Volontariato

Ciò che può essere contato conta

di Giulio Sensi

Gli amici dell’Avis mi hanno invitato alla loro 78° assemblea generale. Un’assemblea che rilancia una sfida: quella di non fermarsi mai, di crescere sempre di più pur nella consapevolezza di fare parte di un sistema, quello del sangue in Italia, già all’avanguardia. Ne abbiamo parlato anche nel numero di Vita di febbraio, approfondendo il sistema sangue italiano e proiettandolo nel futuro.
Mi hanno chiesto un contributo sul tema della raccolta dati per il volontariato: come può essere utile la ricerca per far crescere e migliorare le organizzazioni. Lo affronterò insieme agli altri relatori, ma da una prospettiva non specialistica (non sono uno studioso del volontariato o del sociale, ma sono e sarò sempre uno studente del civile), ma molto concreta.

Le scelte che portiamo avanti nella nostra società si basano sulla conoscenza. Come mi suggerisce l’amico Paolo Venturi, “senza la conoscenza la decisione diventa più difficile e il rischio è quello poi di limitarsi a replicare o, peggio ancora, conservare”. Ha ragione Venturi: oggi i costi della conservazione (che si basa sull’inerzia) sono più alti di quelli dell’innovazione. E non si innova senza conoscere.

Spesso nelle realtà del terzo settore, o che studiano il terzo settore, i dati vengono visti e usati come fini a sé stessi (o peggio ancora come solo un costo): o per mostrare la propria forza quantitativa, o per fare presa nella comunicazione. È un errore, o meglio è un’occasione sprecata. Perché dovrebbero essere prima di tutto uno strumento e ancora più precisamente uno strumento di partecipazione. La raccolta dati è vissuta come una grande salita: arrivati all’apice, quando si giunge cioè ad averli in mano, la pesantezza del processo che li ha generati impedisce di vederli come un punto di ripartenza. In definitiva impedisce di godersi la discesa. La discesa è il confronto partecipato che dovrebbe avere un suo obiettivo: il miglioramento dell’azione e la crescita delle organizzazioni.

Prima ancora i dati vanno usati bene: spesso nel terzo settore c’è la tendenza a costruire indicatori mutuati dal profit con il risultato che si rischia, se non si circostanzia bene il tema, di tirare conclusioni su premesse quantomeno discutibili (si pensi al tema delicato della misurazione del valore economico del volontariato).

Un altro “vizio” dell’uso dei dati riguarda il loro utilizzo che tende a generalizzare fenomeni complessi e anche tendenze diverse che coesistono.
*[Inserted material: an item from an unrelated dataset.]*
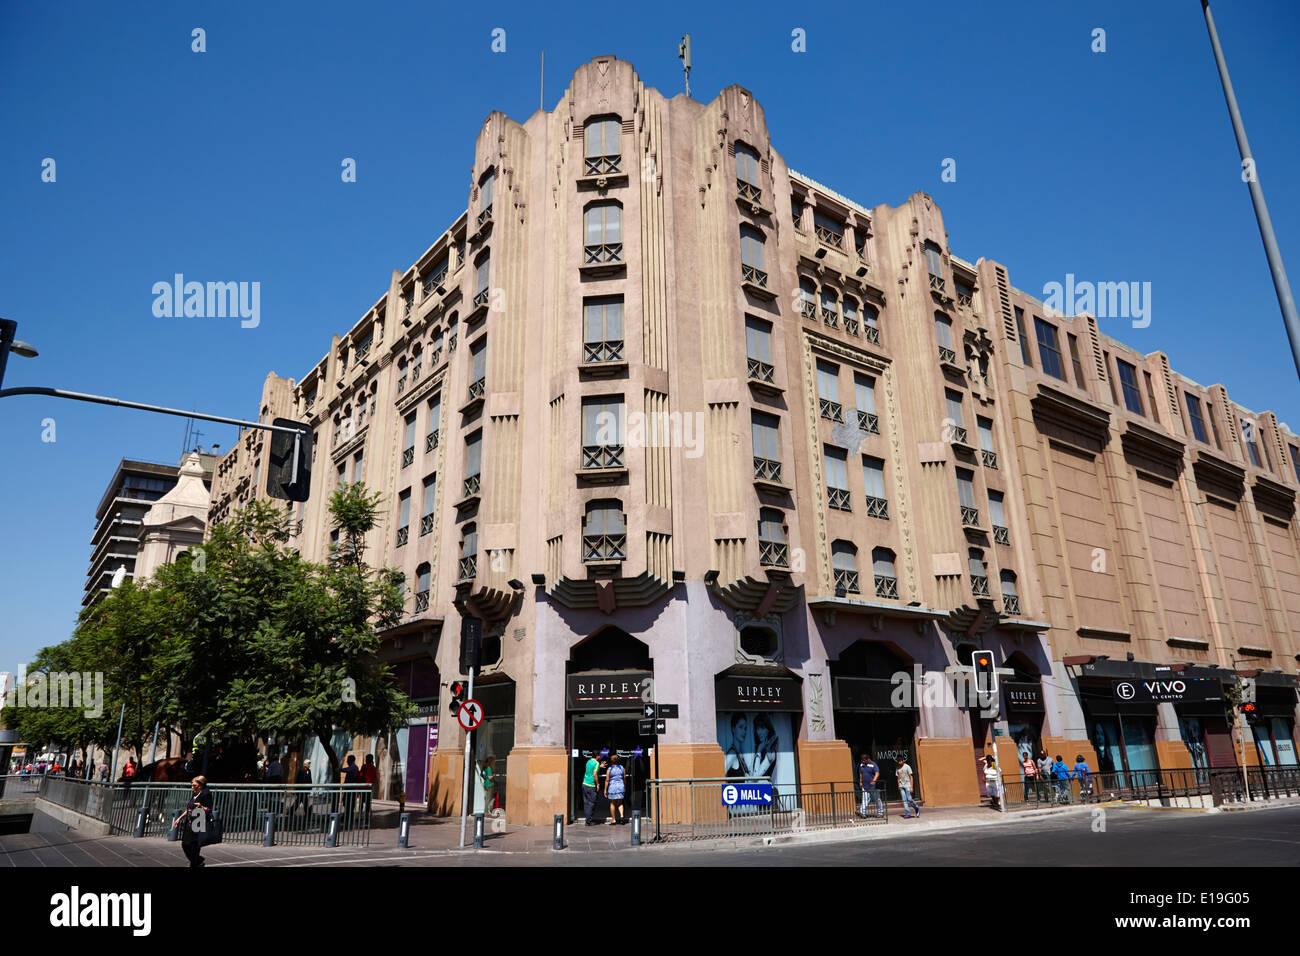 ripley department store in vivo el centro mall downtown Santiago Chile Stock Photo

Un esempio riguarda le organizzazioni di volontariato. La rilevazione campionaria della Fondazione Volontariato e Partecipazione e del Centro Nazionale per il Volontariato ha dimostrato che sull’impatto della crisi coesistono tendenze opposte: una, maggioritaria, che racconta di un impatto positivo (cioé farebbe crescere, a mò di reazione l’impegno dei volontari e dei soci), l’altra negativa (fa diminuire l’impegno). In mezzo ci sono molte ipotesi, compresa quella che gli intervistati dalla ricerca riconducano alla parola “crisi” fattori interni alle loro organizzazioni piuttosto che esterni.

Insomma, il tema è interessante, anche da una prospettiva di comunicazione e vi faremo sapere quello che emergerà dal dibattito di sabato prossimo. Intanto vi lasciamo con una affermazione attribuita ad Albert Einsten: “Non tutto quel che conta può essere contato e non tutto quello che può essere contato conta”. L’importante, come diceva sempre il mio allenatore di calcio di quando ero piccolo, è usare la testa.